Here’s a short video from CNN:
David Nuttle helps us understand how the stuff may help save our planet.
Research by Johannes Lehmann, Ph.D., at Cornell University, has established that the addition of biochar to soils reduces soil acidity, helps improve availability of water for plants, and increases soil microbial activity therby providing natural fertility (thus, reducing the need for most fertilizers). At the same time, the biochar performs a carbon sequestration function benefiting the environment and reducing global warming.
A study that was published recently showed that biochar could offset up to 12% of greenhouse gases. Study co-author Jim Amonette, a soil chemist at the Department of Energy’s Pacific Northwest National Laboratory, said:
These calculations show that biochar can play a significant role in the solution for the planet’s climate change challenge…Biochar offers one of the few ways we can create power while decreasing carbon dioxide levels in the atmosphere. And it improves food production in the world’s poorest regions by increasing soil fertility. It’s an amazing tool.
However, he cautioned that
Using biochar to reduce greenhouse gas emissions at these levels is an ambitious project that requires significant commitments from the general public and government … We will need to change the way we value the carbon in biomass.
(For more plain-language coverage of this report, see Science Daily, Ecoseed, Inhabitat and The New Republic.)

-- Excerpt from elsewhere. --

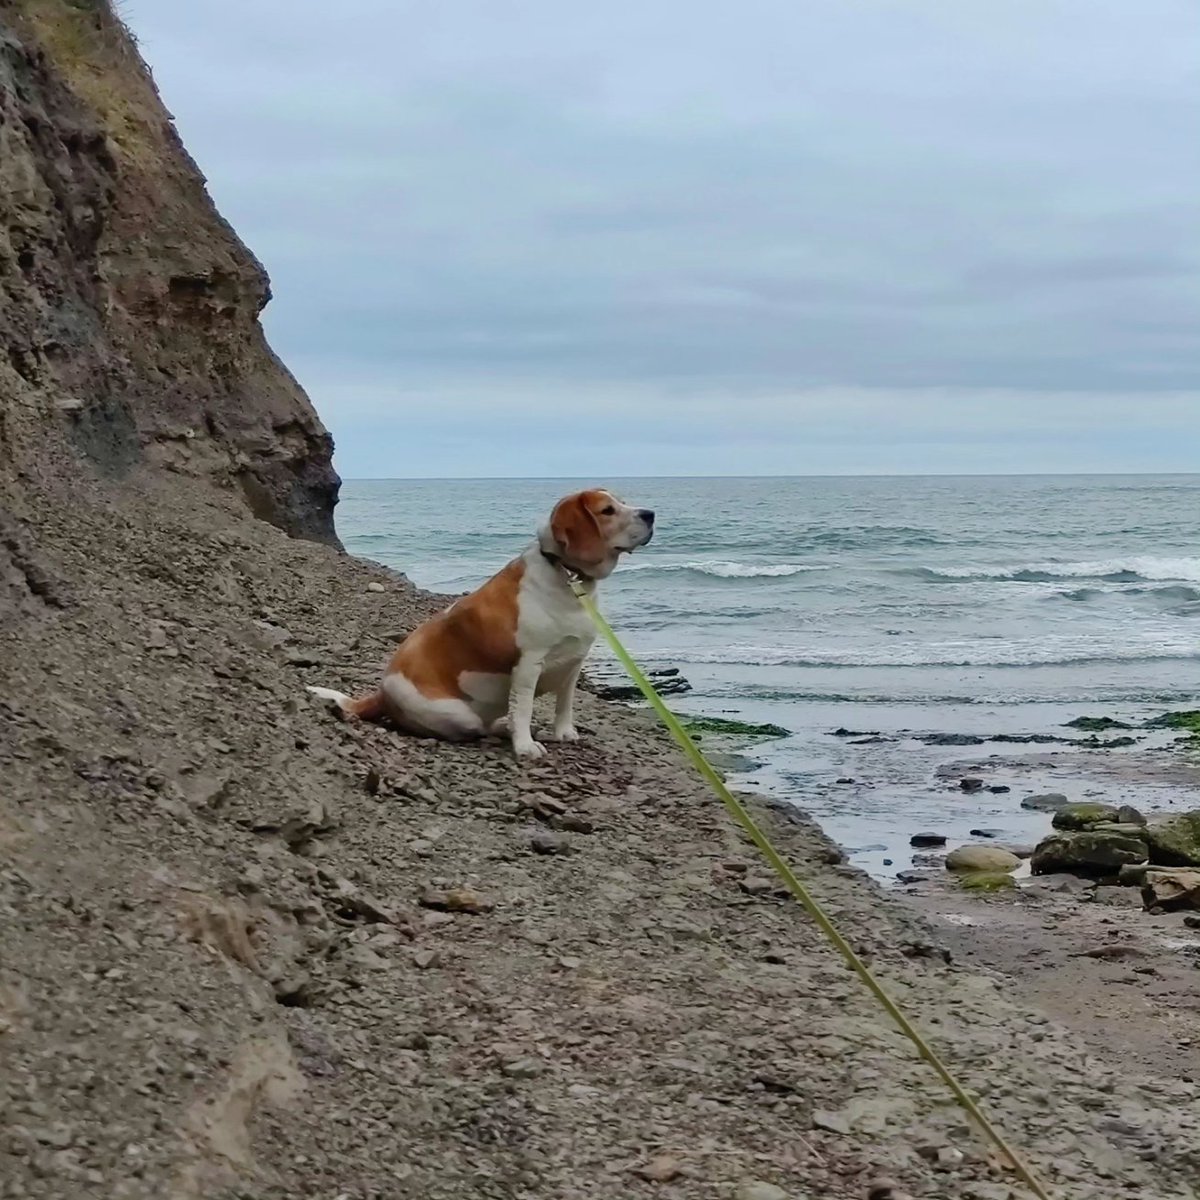 Lilly at Boggle Hole, catching some sea air🥰
#beagle #Robinhoodsbay  #bogglehole  #NorthYorkshire

Another study showed that biochar reduces nitrous oxide emissions from soil by by 73%, and reduces inorganic nitrogen runoff from fields by up to 94%. Senior author Bhupinder Pal Singh of Industry & Investment New South Wales said:
“Even small reductions in nitrous oxide emissions can considerably enhance the greenhouse mitigation value of biochar, which is already proven to be a highly stable carbon pool in the soil environment.”
Even Good Morning America is taking notice.
Tim Callahan, vice president of international development at re:char, stopped by “Good Morning America” today to talk about biochar.
“Biochar can be mixed in with your fertilizer, and when you’re planting to increase crop production up to 200 percent,” Callahan said. “As an added bonus 2.2 lbs of biochar offsets the carbon produced from three hours of your washer/dryer, 8.5 hours of a room air conditioning unit, or over two days of watching television.”
Some projects going on around the world:
- Biocharm Project: Biochar for Carbon Reduction, Soil Management and Sustainable Agriculture: A 12 month funded project, [to] look at the possible agronomic benefits which the addition of biochar can have to agricultural systems in South and South East Asia.
- Project on Biochar and African Dark Earths: This project investigates an overlooked dimension of African farmers’ management of soil fertility: the importance of charred carbon in soil systems and landscapes, and its potential contribution to sustainable and equitable land management.